**Task to carry out:**
From the entries that follow, reproduce exactly and only the lines from the line with "Fray Pedro De" to the line with "Blue Emu Silhouette Graphic PNG", endpoints included.

**Extracted information:**
* * * *
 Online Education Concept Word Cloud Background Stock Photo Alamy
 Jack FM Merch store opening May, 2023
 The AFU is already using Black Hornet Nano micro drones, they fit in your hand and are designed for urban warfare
* * * *
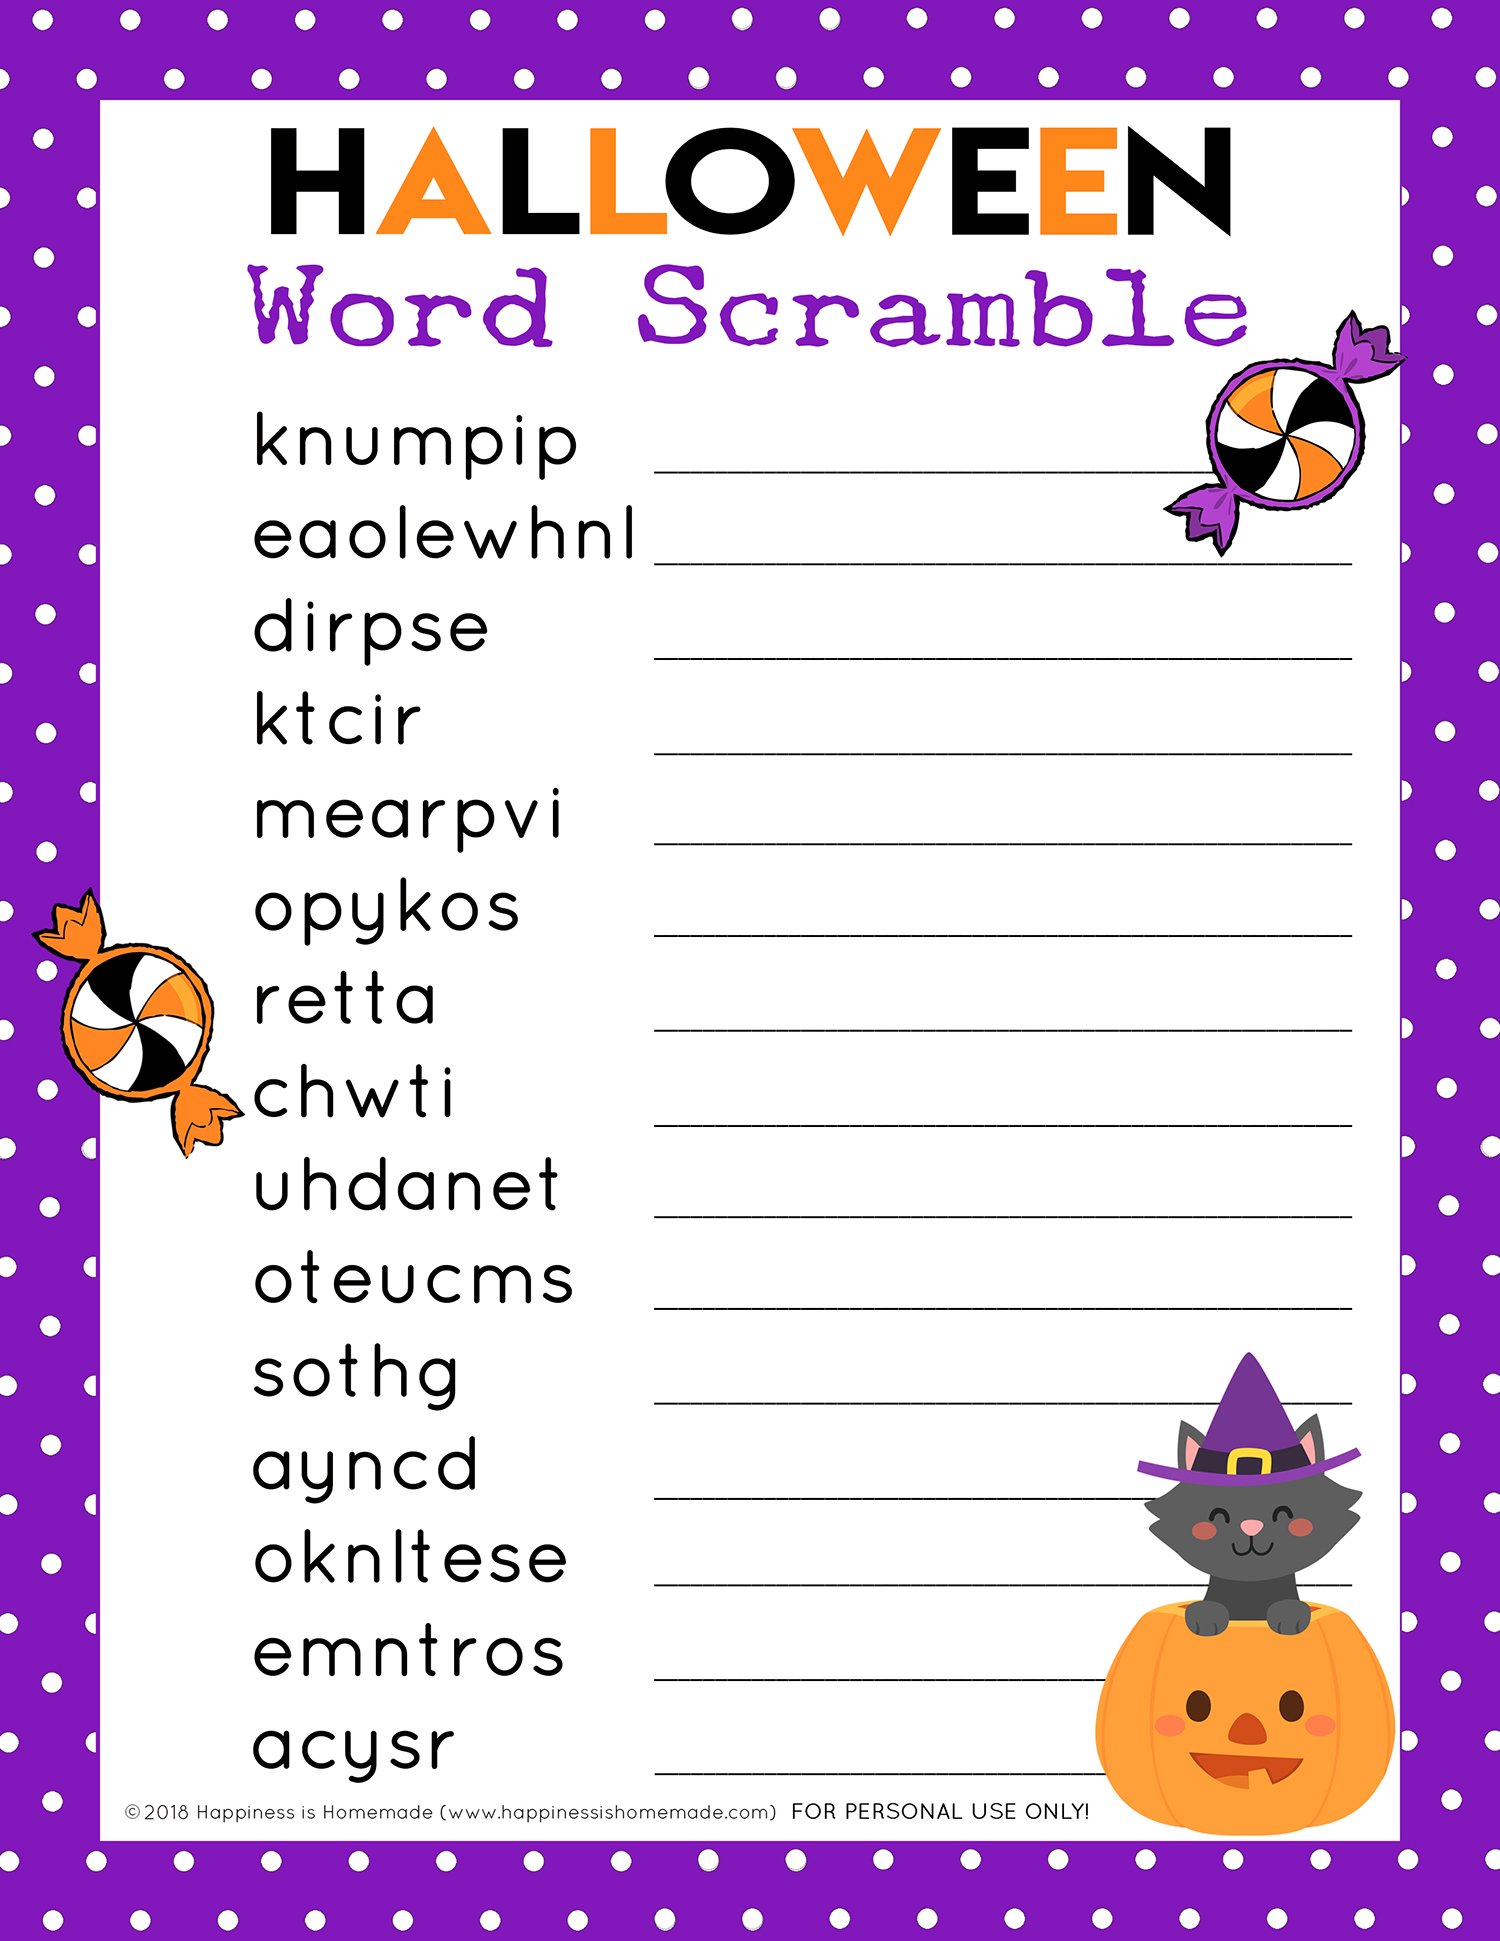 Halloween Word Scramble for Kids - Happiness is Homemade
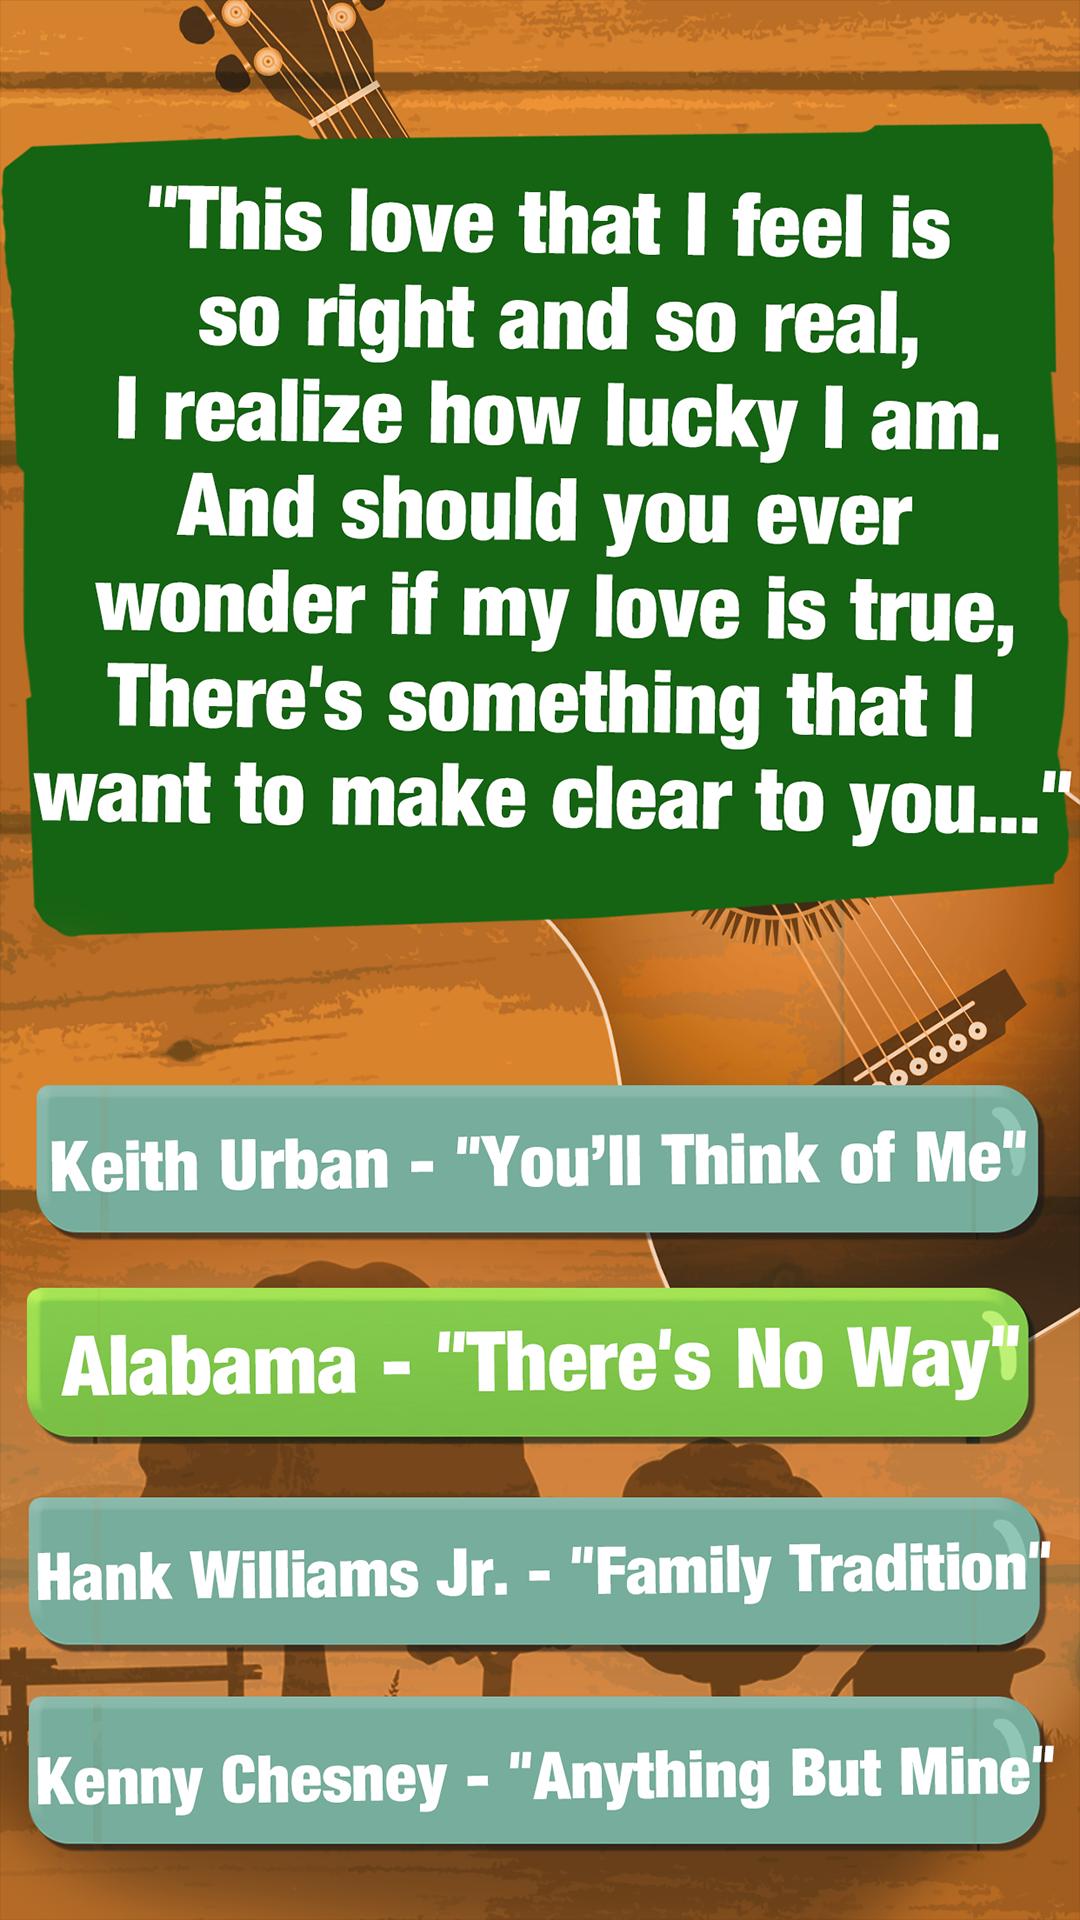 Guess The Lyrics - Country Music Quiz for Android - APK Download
* * * *
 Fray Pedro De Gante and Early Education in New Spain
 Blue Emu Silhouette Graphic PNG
* * * *
**Answer for this exercise:**
 Fray Pedro De Gante and Early Education in New Spain
 Blue Emu Silhouette Graphic PNG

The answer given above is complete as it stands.